Fundamentals of Data Engineering
Joe Reis · 2022

Provides a rigorous grounding in the data engineering lifecycle — ingestion, storage, transformation, serving — which is the foundation every feature store and training pipeline is built on.

Building Machine Learning Pipelines
Hannes Hapke · 2020 · 338 pp

Focuses specifically on TFX-based ML pipelines end-to-end, covering data validation, feature engineering, model analysis, and serving — directly addressing the training-serving skew problem central to MLOps.

4

Monitoring, Reliability & Production Health

Expert

Learn to detect and respond to model degradation, data drift, and system failures in production — building the observability and reliability practices that keep ML systems trustworthy over time.

Study plan for this stage

Pace: 4–5 weeks, ~40–50 pages/day (mix of dense technical content and case studies)

Key concepts
  • Model monitoring and observability: tracking prediction quality, latency, and system health in real time
  • Data drift detection: identifying when input distributions shift and impact model performance
  • Model degradation and retraining strategies: recognizing performance decay and implementing automated or manual retraining pipelines
  • Reliability engineering for ML: designing systems that gracefully handle failures, maintain SLAs, and recover from incidents
  • Alerting, logging, and incident response: setting up thresholds, dashboards, and runbooks for production ML systems
  • A/B testing and canary deployments: validating model changes safely before full rollout
  • System design for scale: architecting monitoring and reliability infrastructure that handles high-volume production traffic
You should be able to answer
  • What are the key differences between monitoring ML systems versus traditional software systems, and why do standard metrics often miss model degradation?
  • How do you detect and quantify data drift, and what are the trade-offs between statistical tests and heuristic-based approaches?
  • Describe a complete incident response workflow for a model that suddenly drops in accuracy: detection, diagnosis, and remediation steps.
  • What SLOs and SLIs are appropriate for an ML system, and how do you balance model performance with infrastructure reliability?
  • How would you design a monitoring and alerting system for a high-traffic recommendation model, including what metrics to track and alert thresholds?
  • What are the pros and cons of different retraining strategies (scheduled, drift-triggered, performance-triggered), and when would you choose each?
Practice
  • Set up a monitoring dashboard for a deployed model using Prometheus/Grafana or similar tools; track prediction latency, error rates, and a custom model performance metric.
  • Implement a data drift detector using statistical tests (e.g., Kolmogorov-Smirnov, chi-squared) on a real or synthetic dataset; log drift signals and visualize them over time.
  • Design and document a complete incident runbook for your team: what to check first, how to diagnose root cause (data vs. code vs. infrastructure), and rollback/mitigation steps.
  • Build an A/B test harness that safely routes a percentage of traffic to a new model version and logs performance metrics for both variants; analyze results.
  • Create a retraining pipeline that automatically detects performance degradation and triggers a model retrain; include validation gates before deployment.
  • Conduct a failure mode analysis (FMEA) on a production ML system: identify 5–8 failure scenarios, their likelihood, impact, and mitigation strategies.

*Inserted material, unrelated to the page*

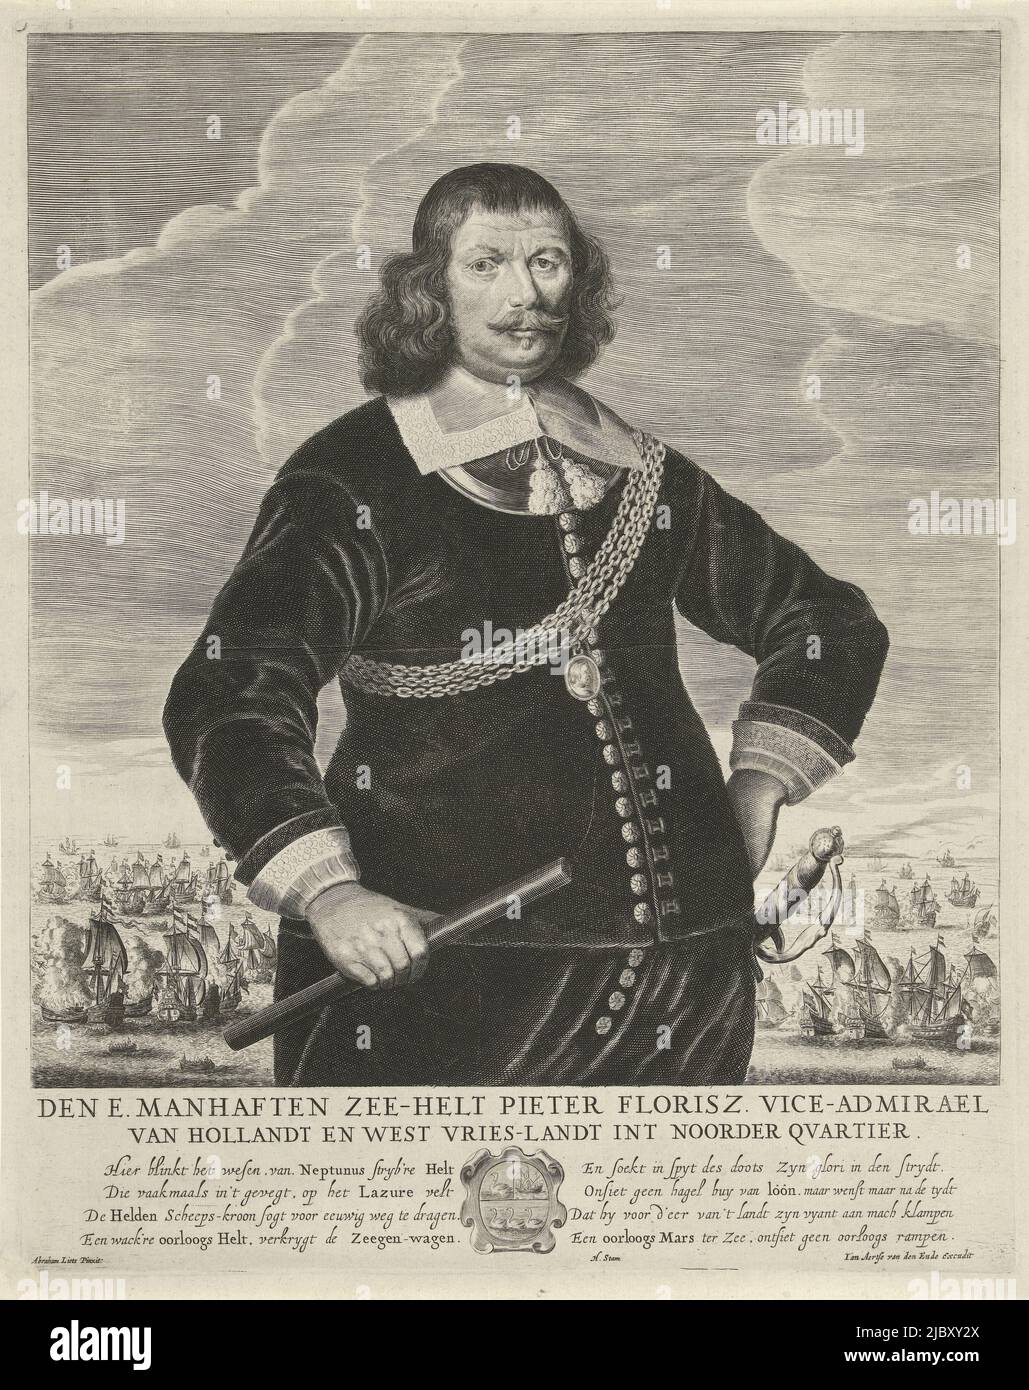 Kneepiece to the right of Pieter Florisz. holding a command staff. In the background a naval battle. Below the portrait his name and title in two lines in Dutch. Below that in two columns of four lines each a poem in Dutch and his coat of arms, Portrait of Pieter Florisse, print maker: Pieter Holsteyn (II), after: Abraham Liedts, (mentioned on object), H. Stam, (mentioned on object), Northern Netherlands, in or after 1658 - 1673, paper, engraving, etching, h 440 mm × w 350 mm Stock Photo

Next up: This stage equips you with the operational and architectural mindset needed to keep ML systems healthy at scale; the next stage will deepen your ability to design entire end-to-end ML systems from scratch, integrating monitoring and reliability as first-class concerns from the start.

Reliable Machine Learning
Cathy Chen · 2022 · 408 pp

Applies SRE principles directly to ML systems — SLOs for models, on-call practices, incident response, and reliability engineering — filling the critical gap between deployment and long-term operational health.

Machine Learning System Design Interview
Ali Aminian · 2023 · 294 pp

Synthesizes the full production ML stack through the lens of system design, reinforcing monitoring, scalability, and trade-off reasoning — an excellent capstone that stress-tests everything learned in prior stages.